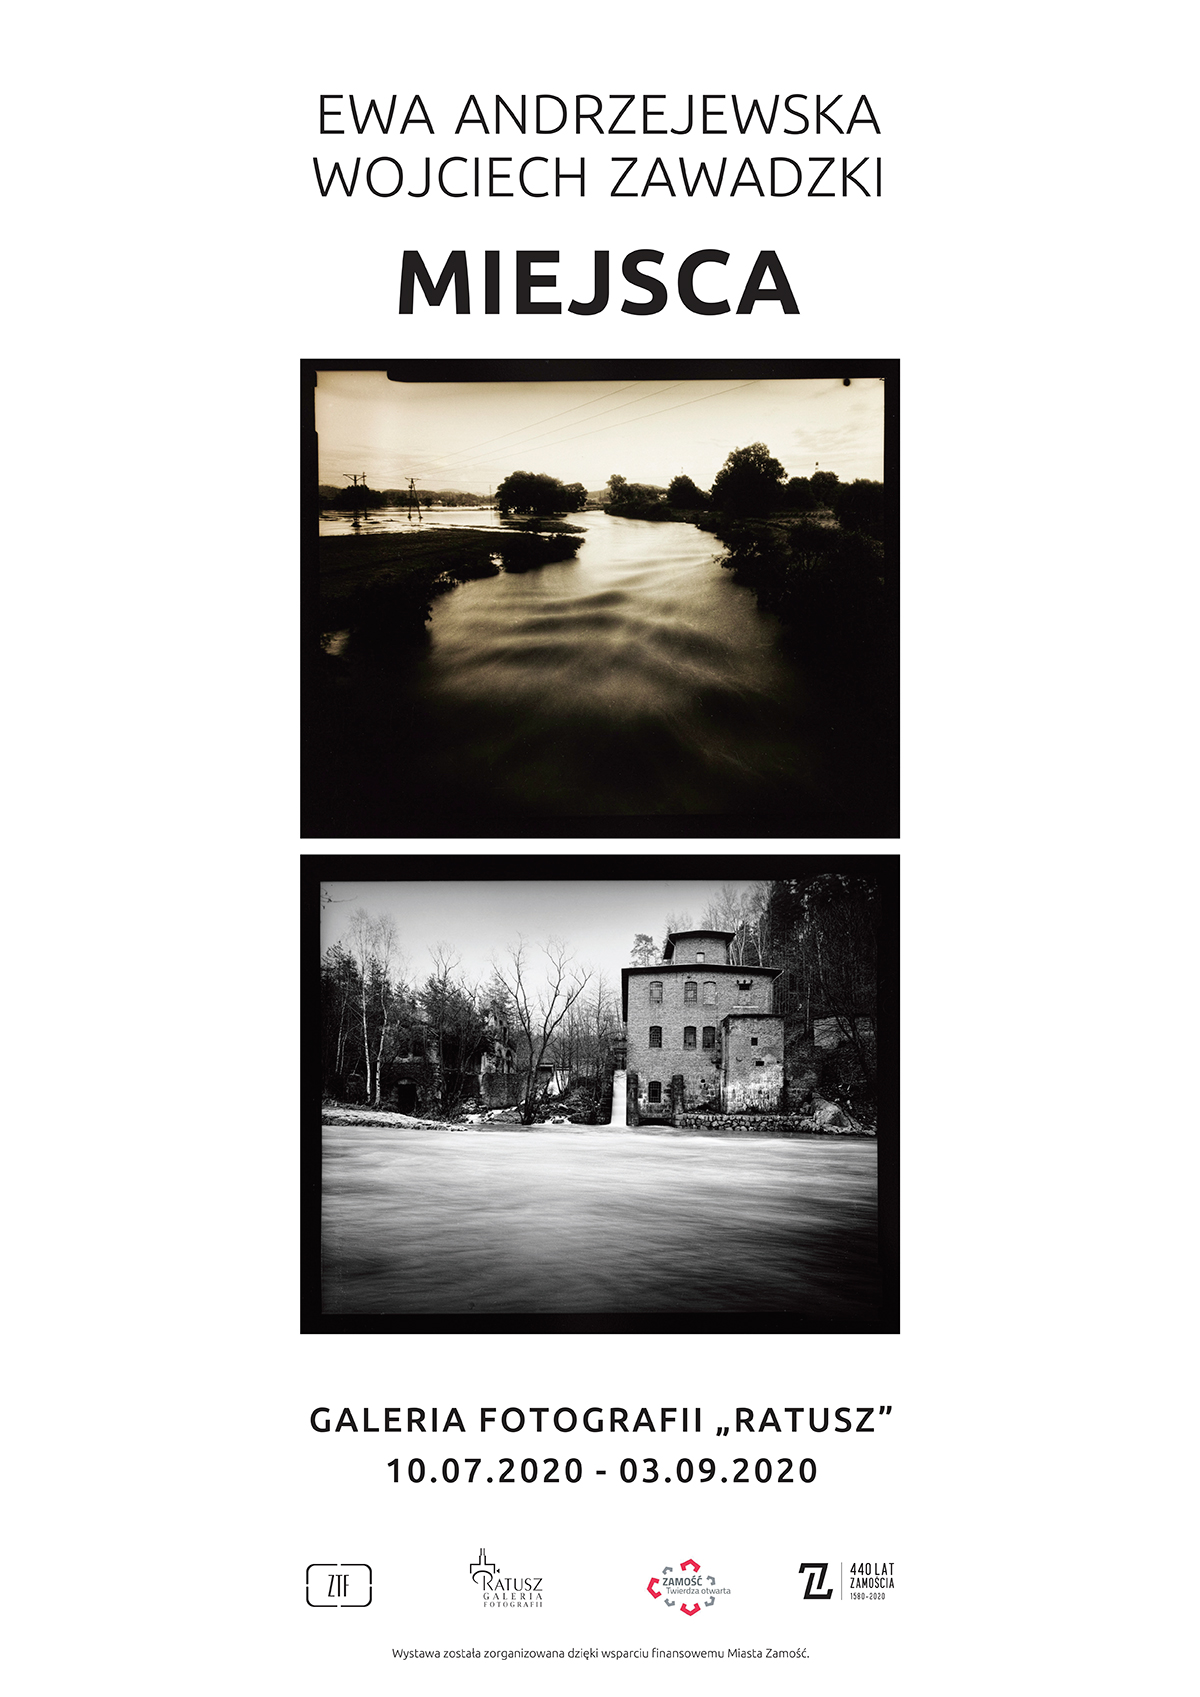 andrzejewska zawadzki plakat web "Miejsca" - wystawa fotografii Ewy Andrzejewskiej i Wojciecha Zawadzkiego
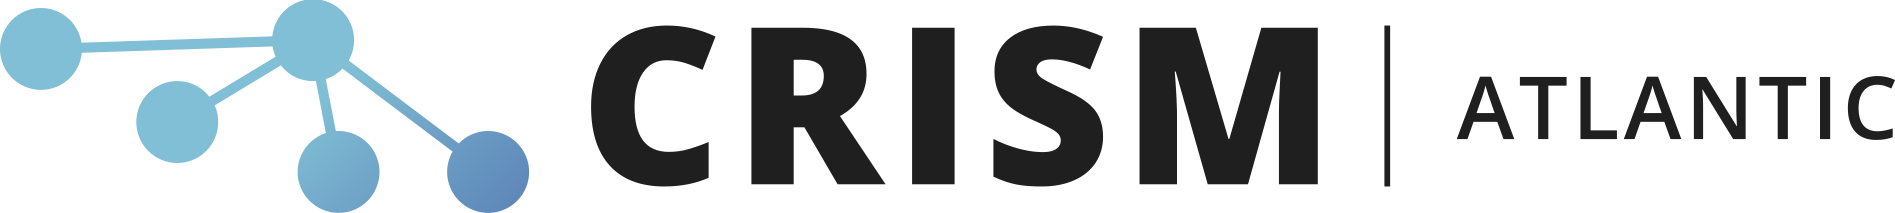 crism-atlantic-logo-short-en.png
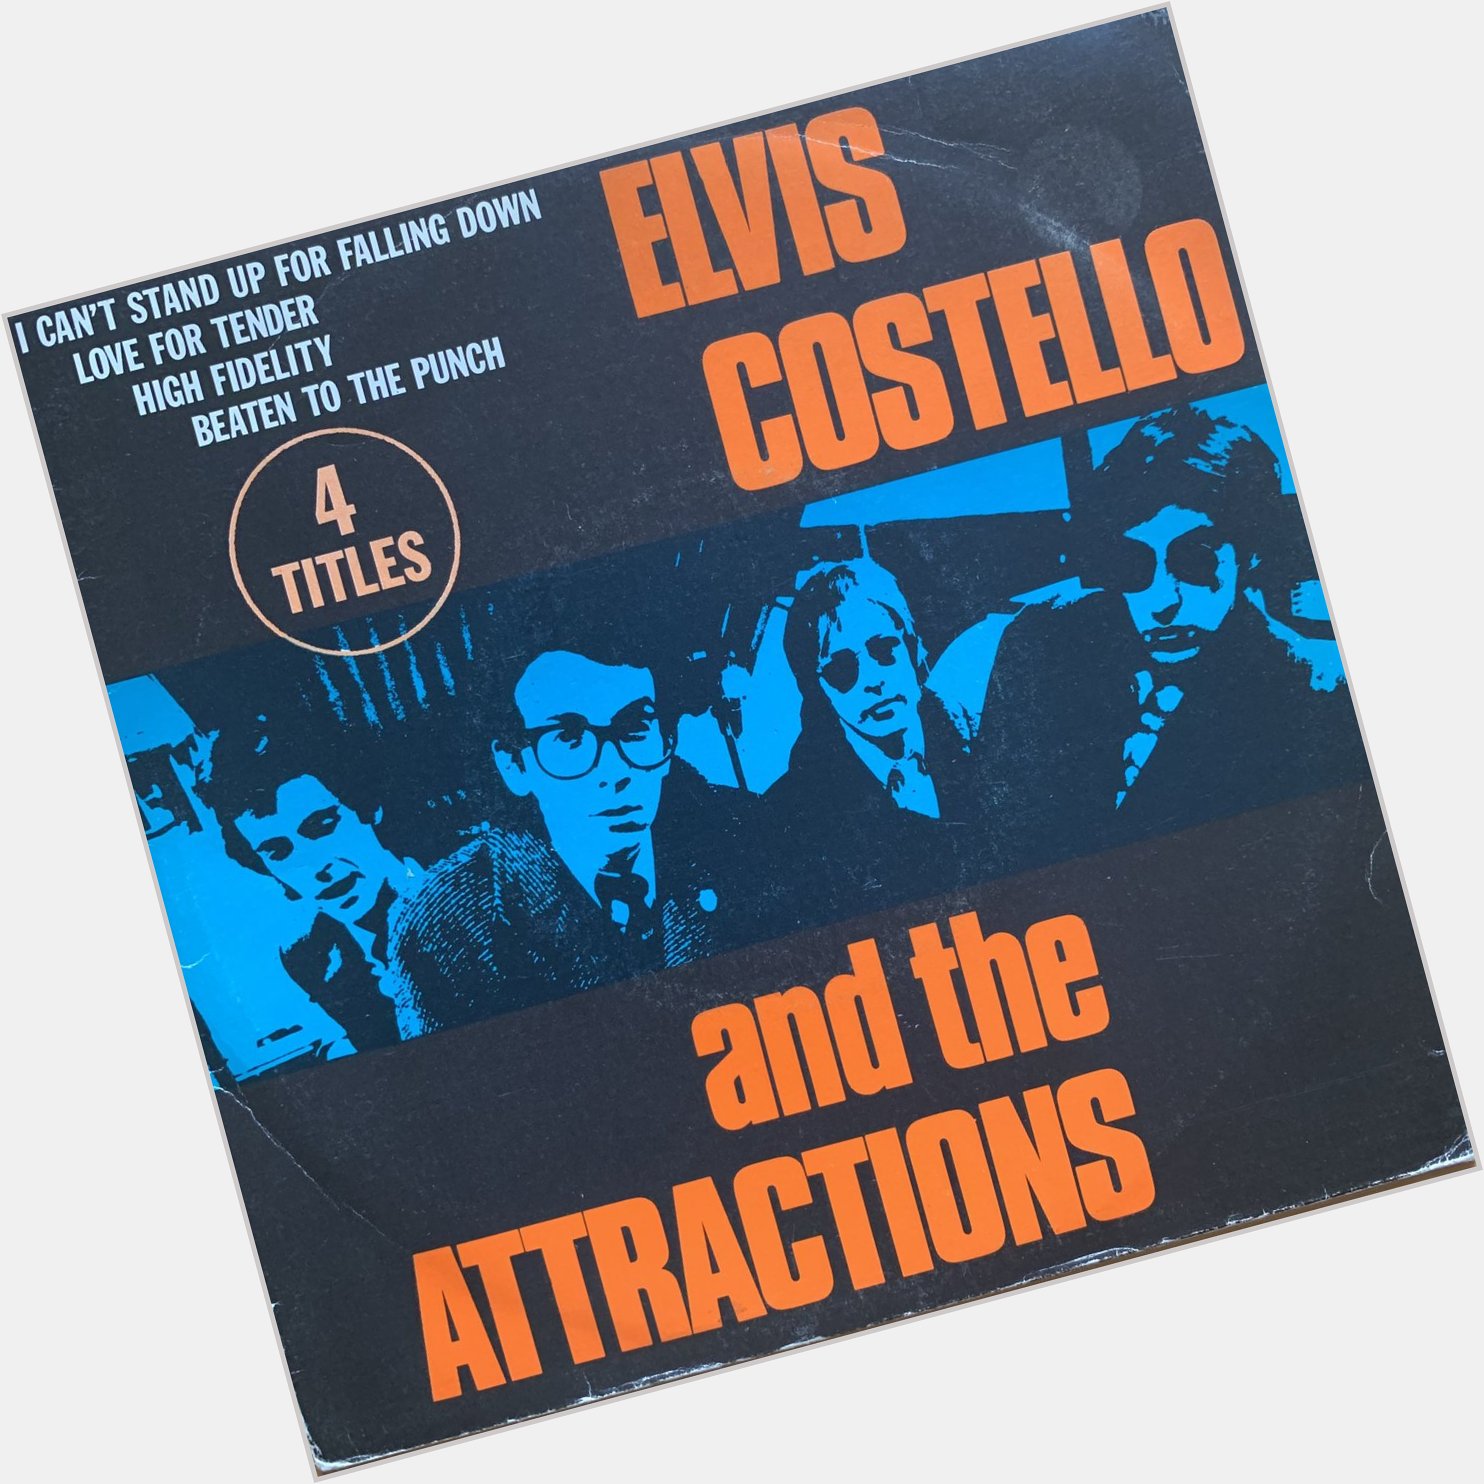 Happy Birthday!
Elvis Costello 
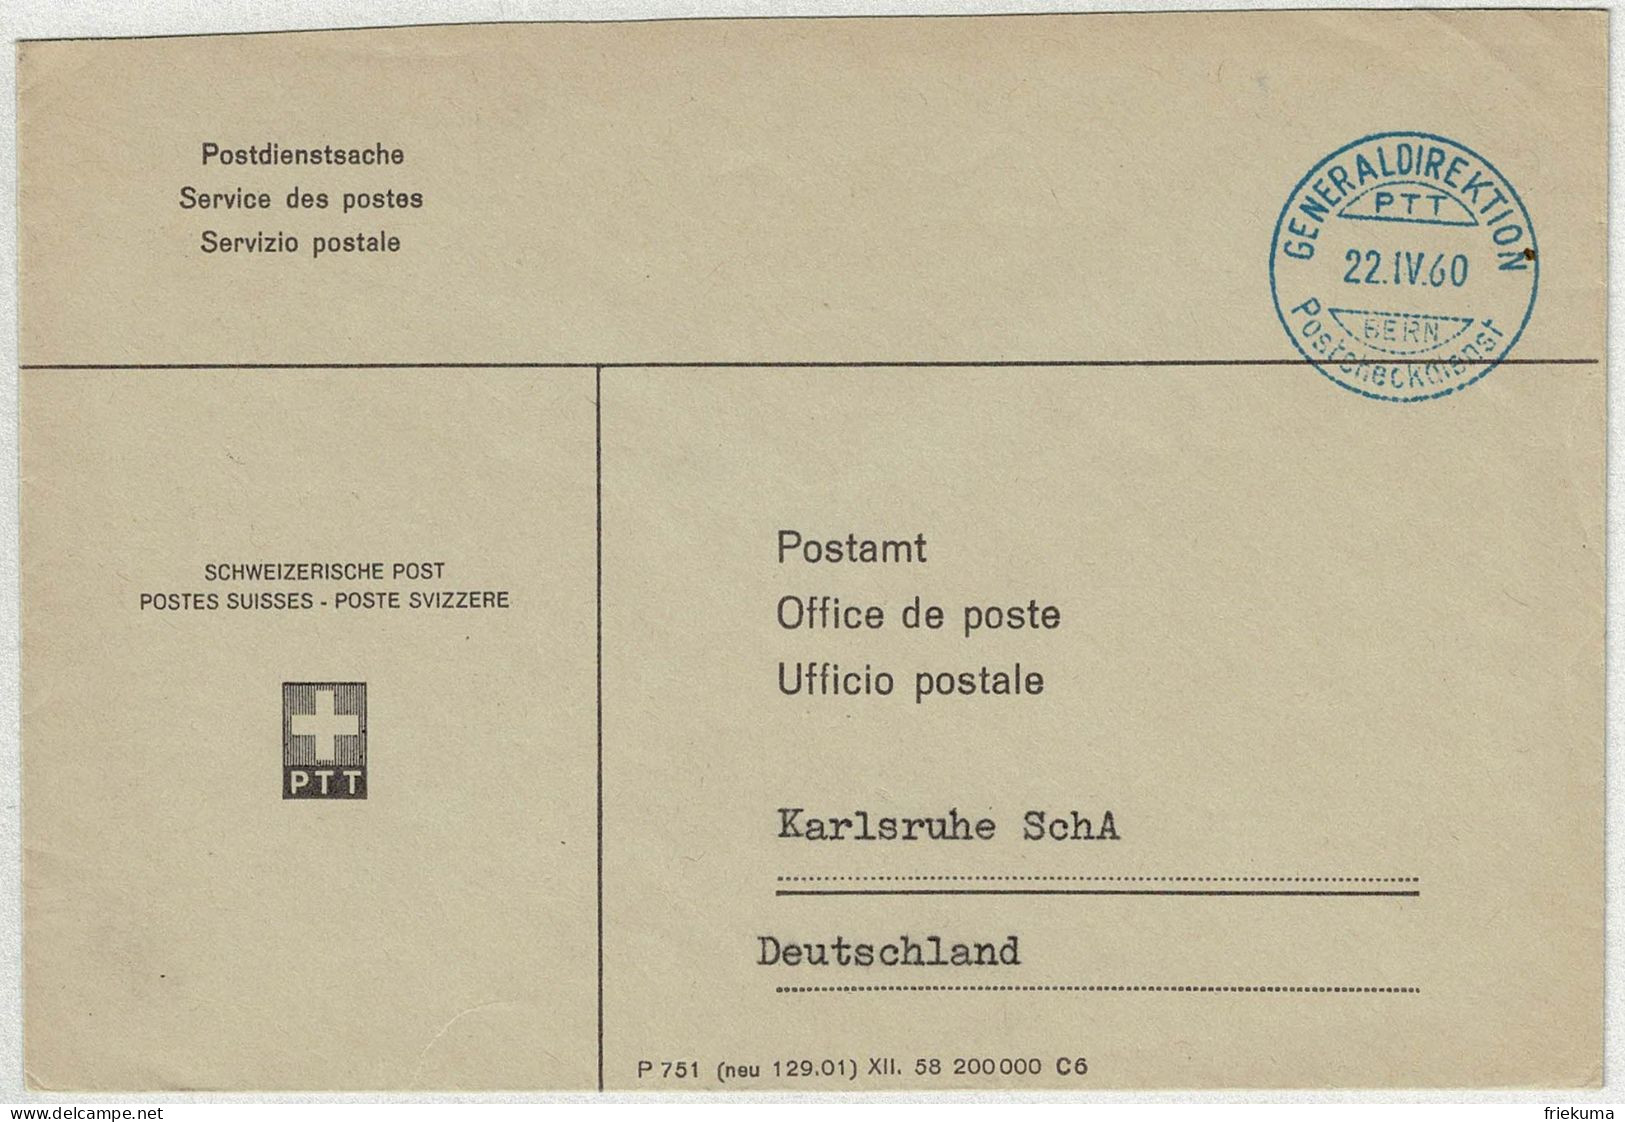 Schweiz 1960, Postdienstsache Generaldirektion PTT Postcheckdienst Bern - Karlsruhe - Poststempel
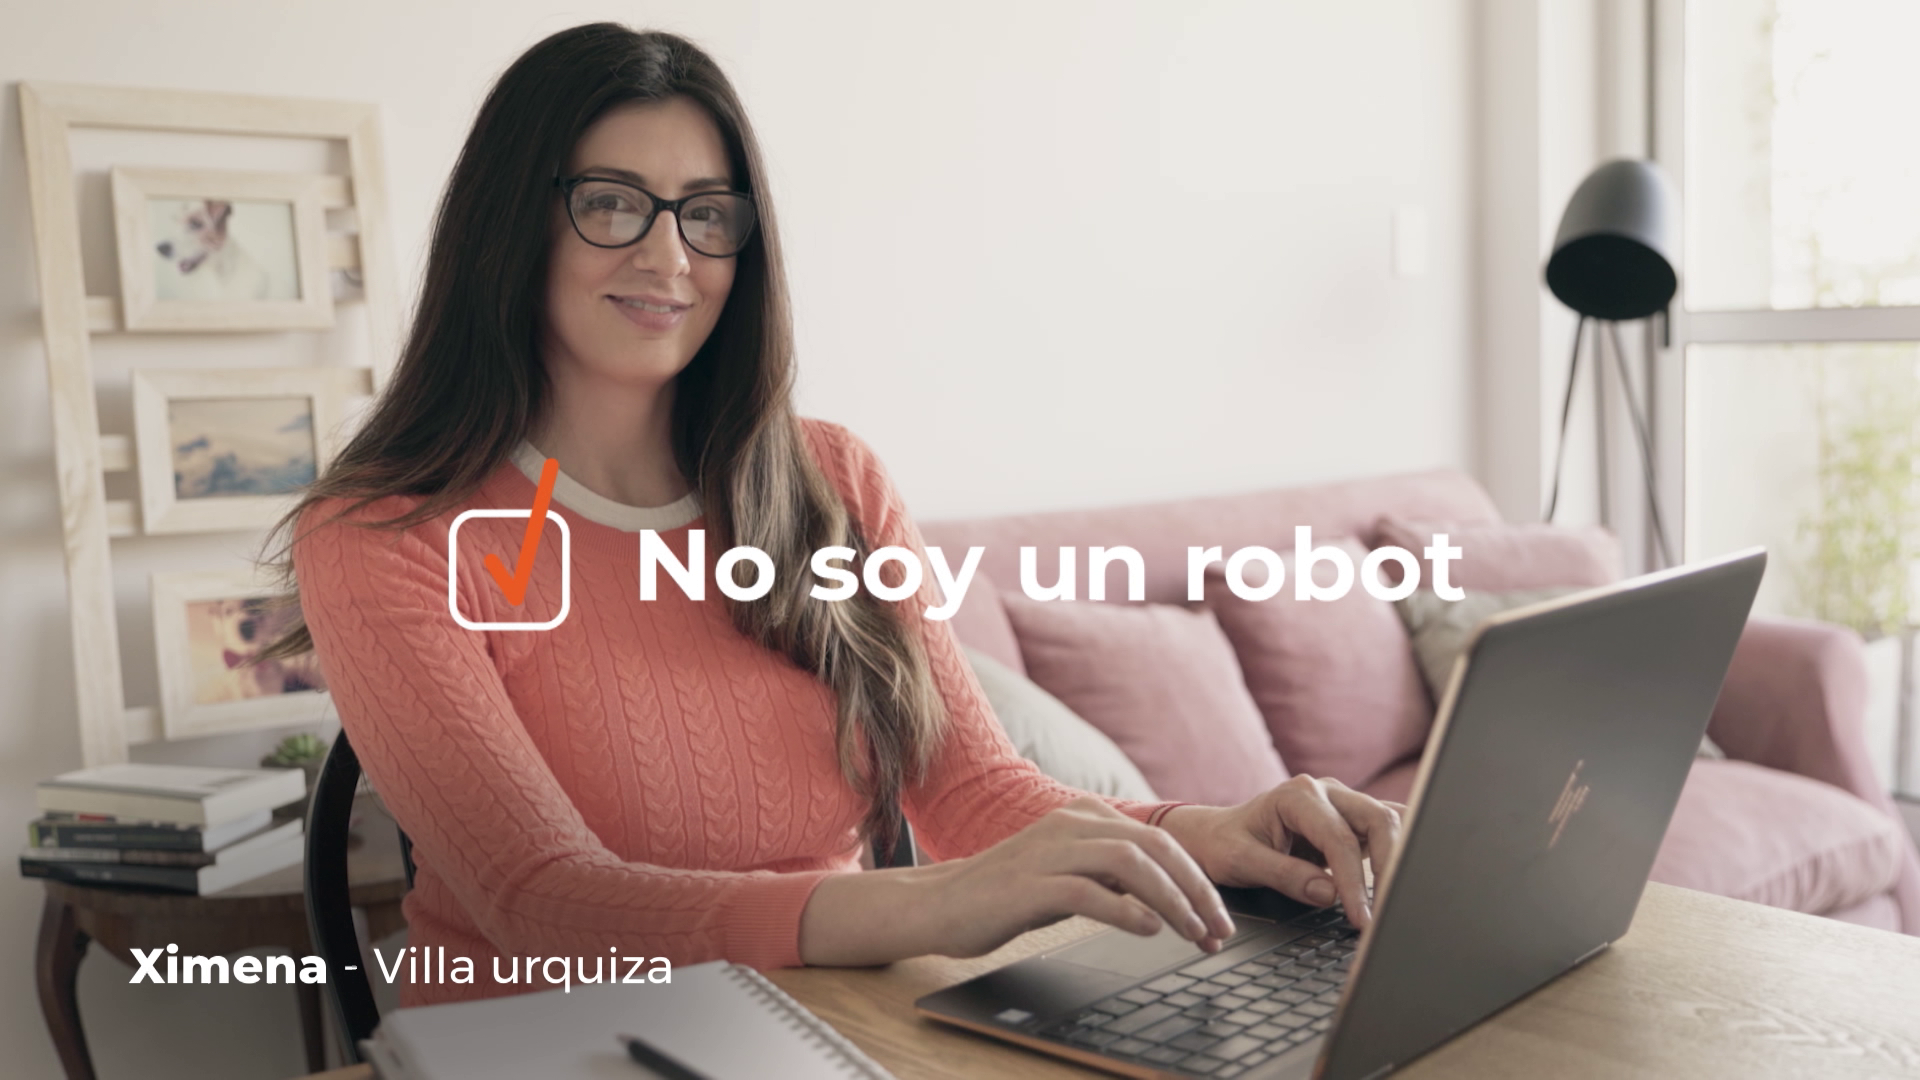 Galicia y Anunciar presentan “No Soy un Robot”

* * * * *

■ TO DO: Copy all of the entries verbatim, leaving out any pictures they contain.

■ RESPONSE TO THE TASK:
 andrzejewska zawadzki plakat web "Miejsca" - wystawa fotografii Ewy Andrzejewskiej i Wojciecha Zawadzkiego
 crism-atlantic-logo-short-en.png
 Happy Birthday!
Elvis Costello 
 Schweiz 1960, Postdienstsache Generaldirektion PTT Postcheckdienst Bern - Karlsruhe - Poststempel
 Galicia y Anunciar presentan “No Soy un Robot”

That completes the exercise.